The Cat Box

You’ll always find something of interest in the Cat Box

More iPhone Phonetography — January 13, 2014

More iPhone Phonetography

This new phonetography passion of mine continues to swirl around in my head.

Sunrise at Sloan's Lake
Sunrise at Sloan’s Lake

Check this link to get my drift and feel free to share your own photography thoughts here!

phonetography 101

Early Morning iPhone Phonetography — January 10, 2014

Early Morning iPhone Phonetography

At five thirty a.m. I stepped out of my car and into the predawn chill. With an eye on the horizon, I searched for signs of first morning light. Suddenly, something heavy landed in the tree above me. I stopped in my tracks and slowly moved my eyes to where my ears had detected the landing.

There was an owl sitting there on the branch. I couldn’t believe my extreme good fortune as I stood there watching the owl watch me.

Facing Denver from South Platte River by REI
Pre-dawn Denver

Not wanting to appear the owl ogler I kept a cool demeanor and after a moment of appreciative observation, continued crunching through the frozen snow toward the river. I could hear her subsiding “whoo, whoo, whoo” as the distance between us grew.

South Platte Sunrise

Standing there on the path beside the river I turned myself slowly to get my bearings. Predawn is another world with its silence, its stillness, and its promise of the coming day.

Reflections in the Platte

Sort of spooky and mysterious, this situation puts me into a modified fight or flight state. I feel edgy yet calmed by it all. There I was all edgy and calm turning myself in a slow circle to get the feel of what was around me when a bicycle sped past me almost spinning me into the river.

Joining and the Journey Begins

That cyclist, passing within a foot of my black – clad body spinning in the predawn darkness brought me back to the real world of a Denver workday commute. So I shook off my nature buzz and pulled out my phone for some early morning iPhone phonetography.

Respect the Laws of Laundry or Don’t Blame the Fluffy Blue Towel — September 11, 2013

Respect the Laws of Laundry or Don’t Blame the Fluffy Blue Towel

I understand that towels should be washed only with other towels just the way I understand that dark clothes should only be washed with dark clothes and all of the other laundry laws that I swear I have obeyed my whole life.

I know too that obeying these laundry laws gets much easier as your loads get larger. But what if you need your white dress shirt and your black bike shorts washed today? And what if you have your fluffy blue bath towel there all lonely in your hamper too?

One fluffy blue towl all alone in the hamper
When will I get washed?

If you are a one-person household it could be a while before you have a legitimate load of towels to wash.

So you fold under the pressure, throw caution to the wind and toss everything in together. “What the heck,” you think. “What could happen?”

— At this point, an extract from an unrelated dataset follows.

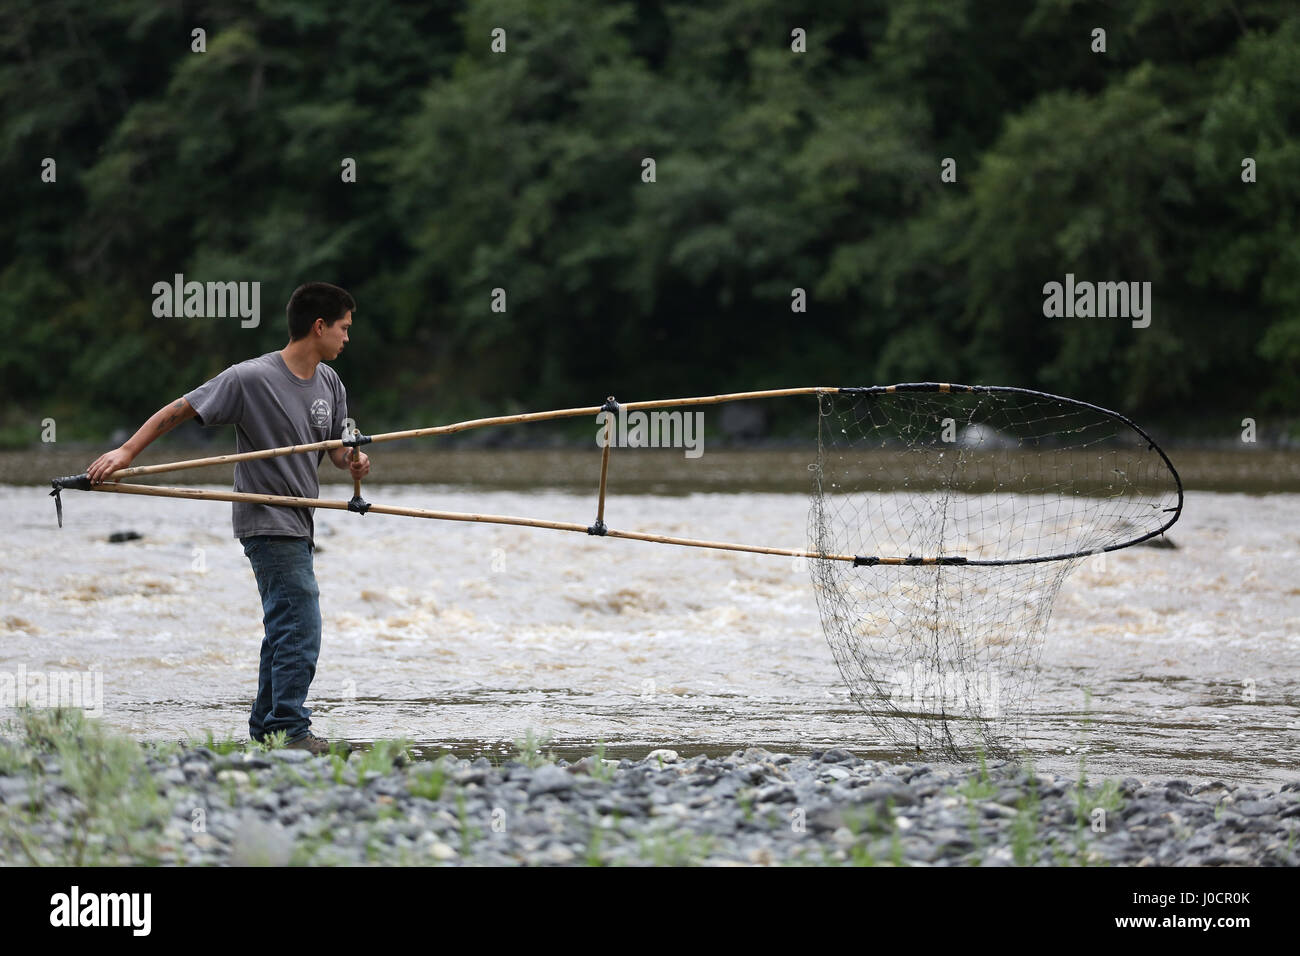 A member of the Yurok Indian Tribe uses a dip net to fish for salmon on the  Klamath River on July 11, 2015. Yurok Indian Reservation, California, Unit  Stock Photo - Alamy

We all know what happens, and it isn’t pretty. There is now a line of fluffy blue lint along the seam of my stretchy black bike shorts that will take a long time to pluck out. And there are fluffy bits of blue towel hanging all over my white shirt, inside and out.

I made this decision knowing the probable consequences. Why would I ever break the laundry laws? In that split second I hung myself out to dry. You’ve done it too. You know you have and you paid the consequences and regretted it.

Towlie from South Park

Towlie from South Park teaches us many lessons. Dirty old towels need love too.

Oh well, I just look at this as a lesson review. And what did I really learn?

I learned not to wash my fluffy blue towel with anything else but towels.

Because if I do it’s eventually going to disappear.

Grinding It Out — August 1, 2013

Grinding It Out


How many times have you had to do something that was not particularly appealing but just plain had to be done? Stuff like this is usually important or you wouldn’t even consider doing it, so you’ve just got to get it done. That is one of those times when you’ve just got to put your nose to the stone and grind it out.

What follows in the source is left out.